=== Begin Enclosure ===

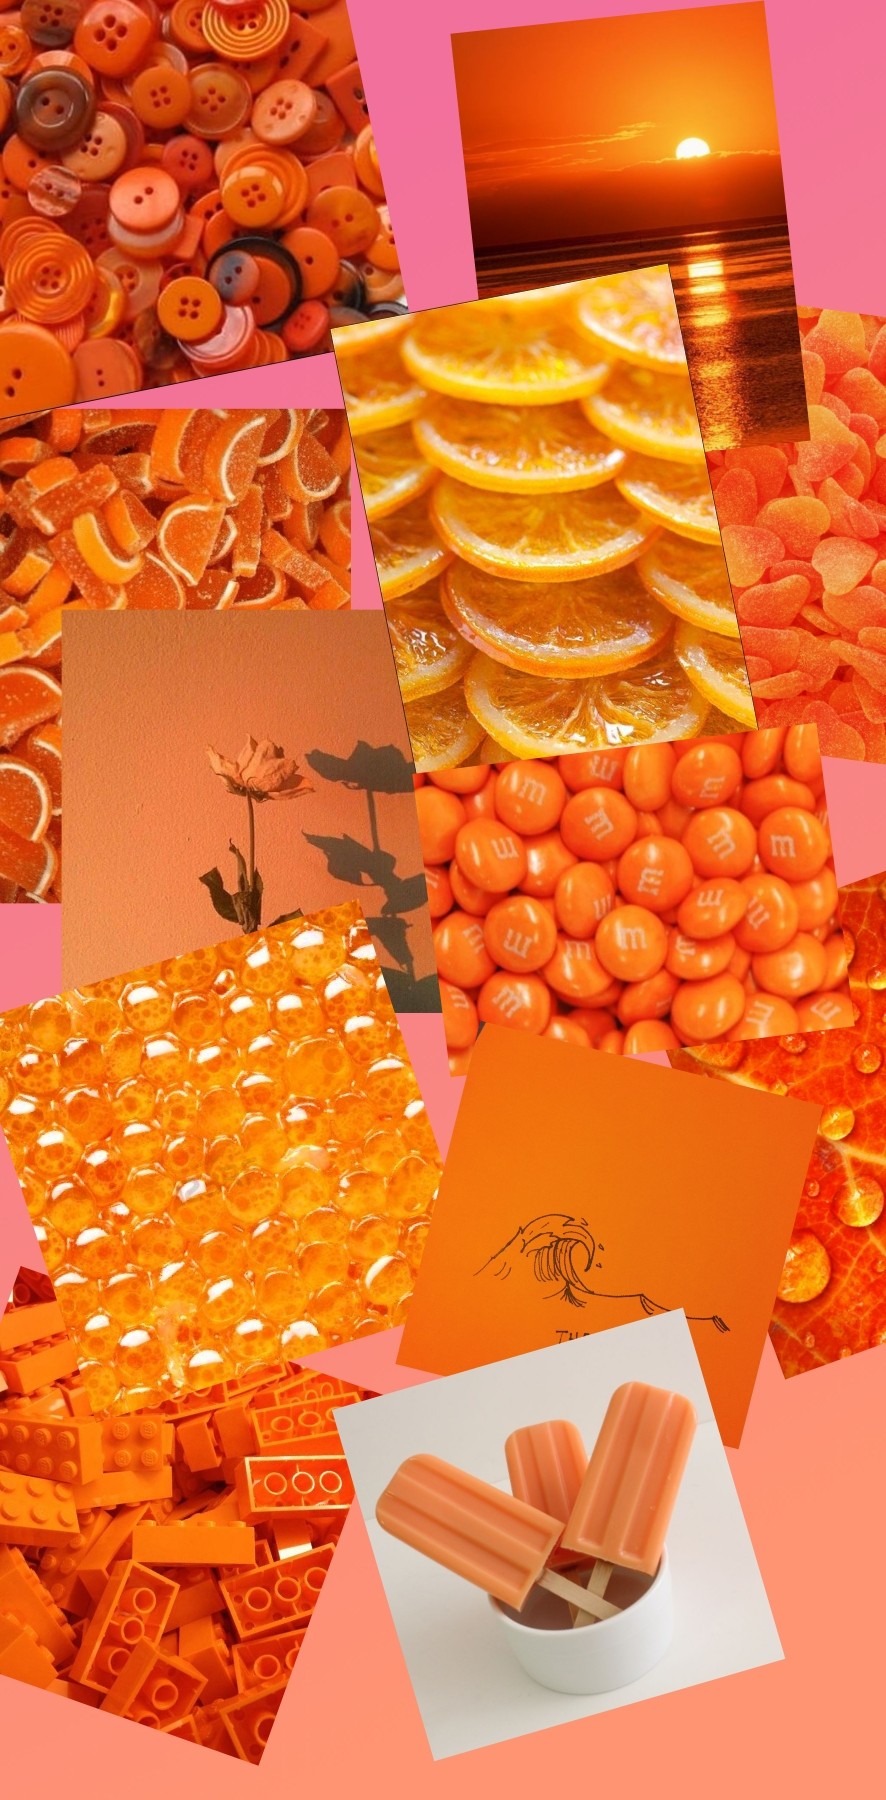 Orange things 😝
(hey, I'm back)
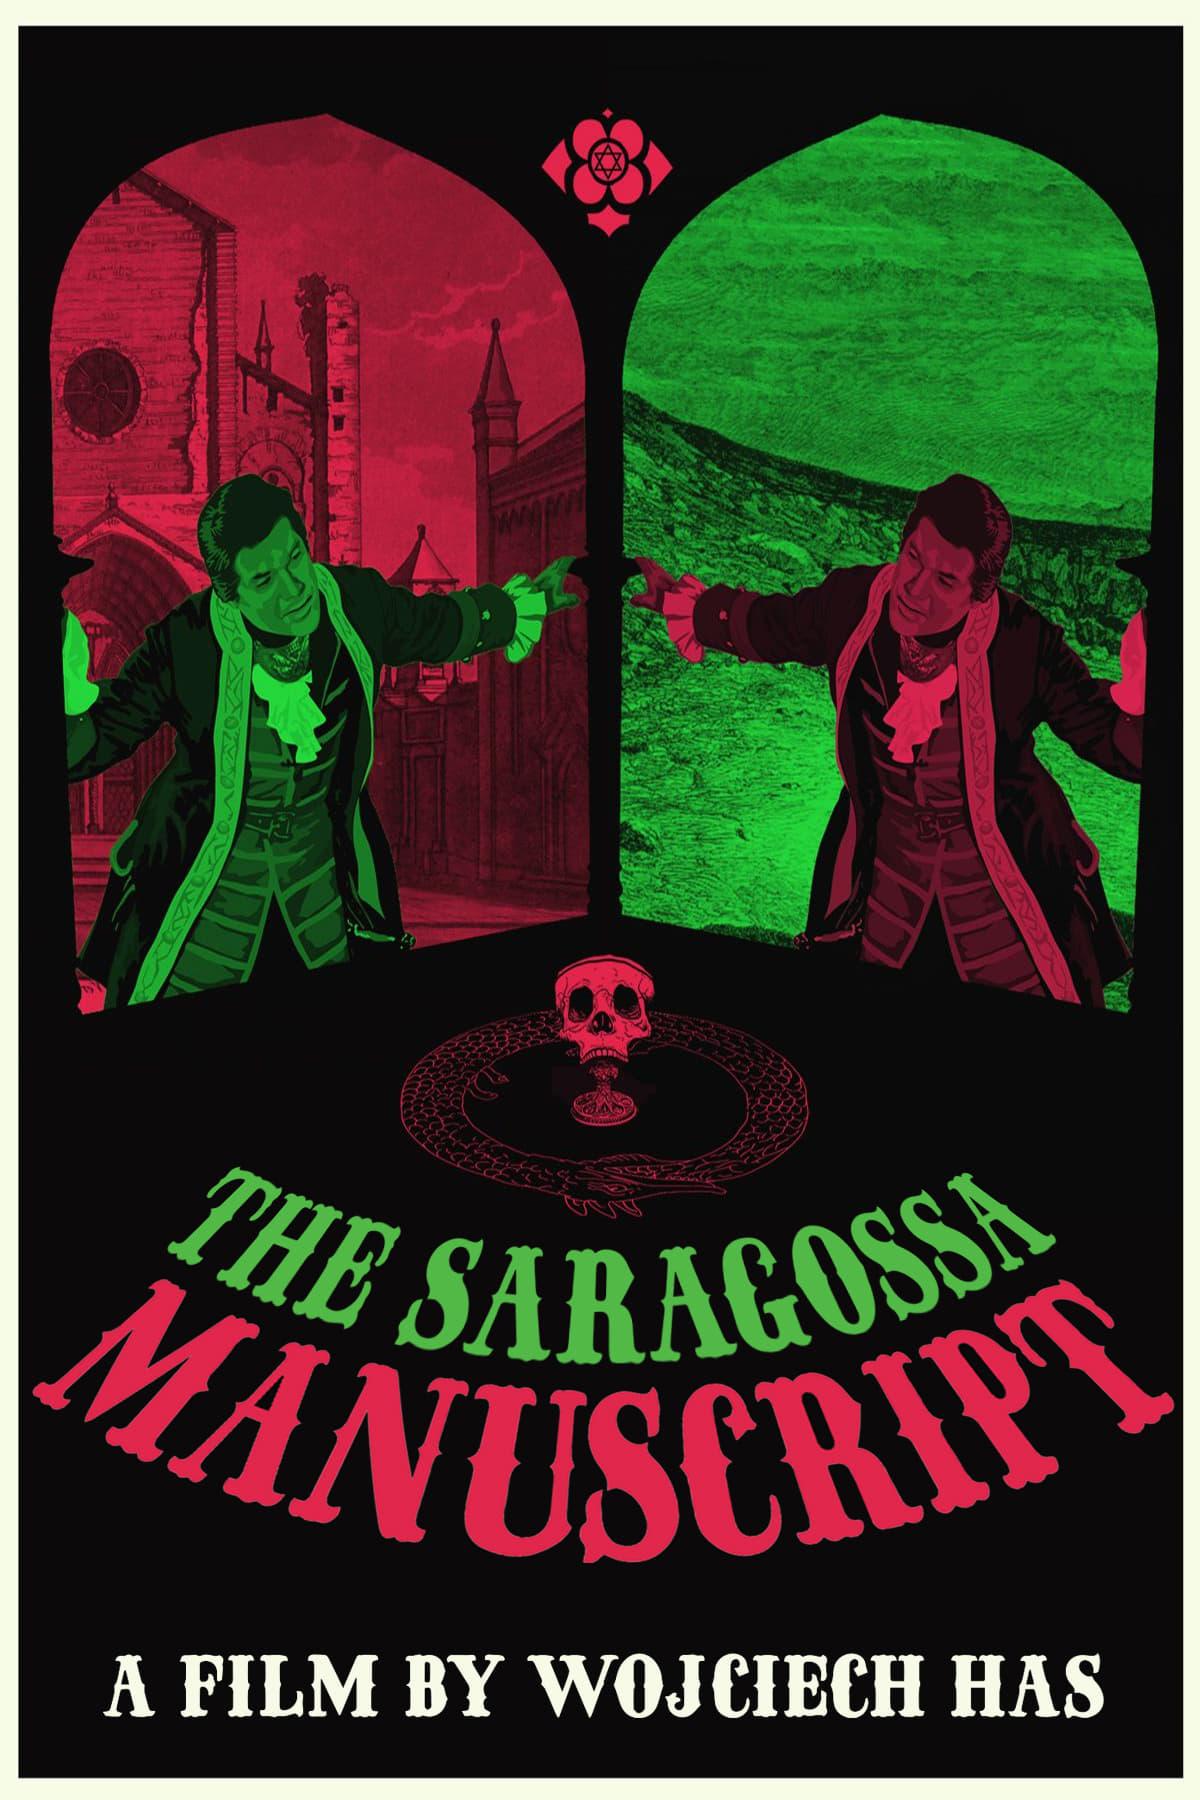 The Saragossa Manuscript poster

=== End Enclosure ===

Apart from the images, reproduce the listing exactly as it appears.

 Orange things 😝
(hey, I'm back)
 The Saragossa Manuscript poster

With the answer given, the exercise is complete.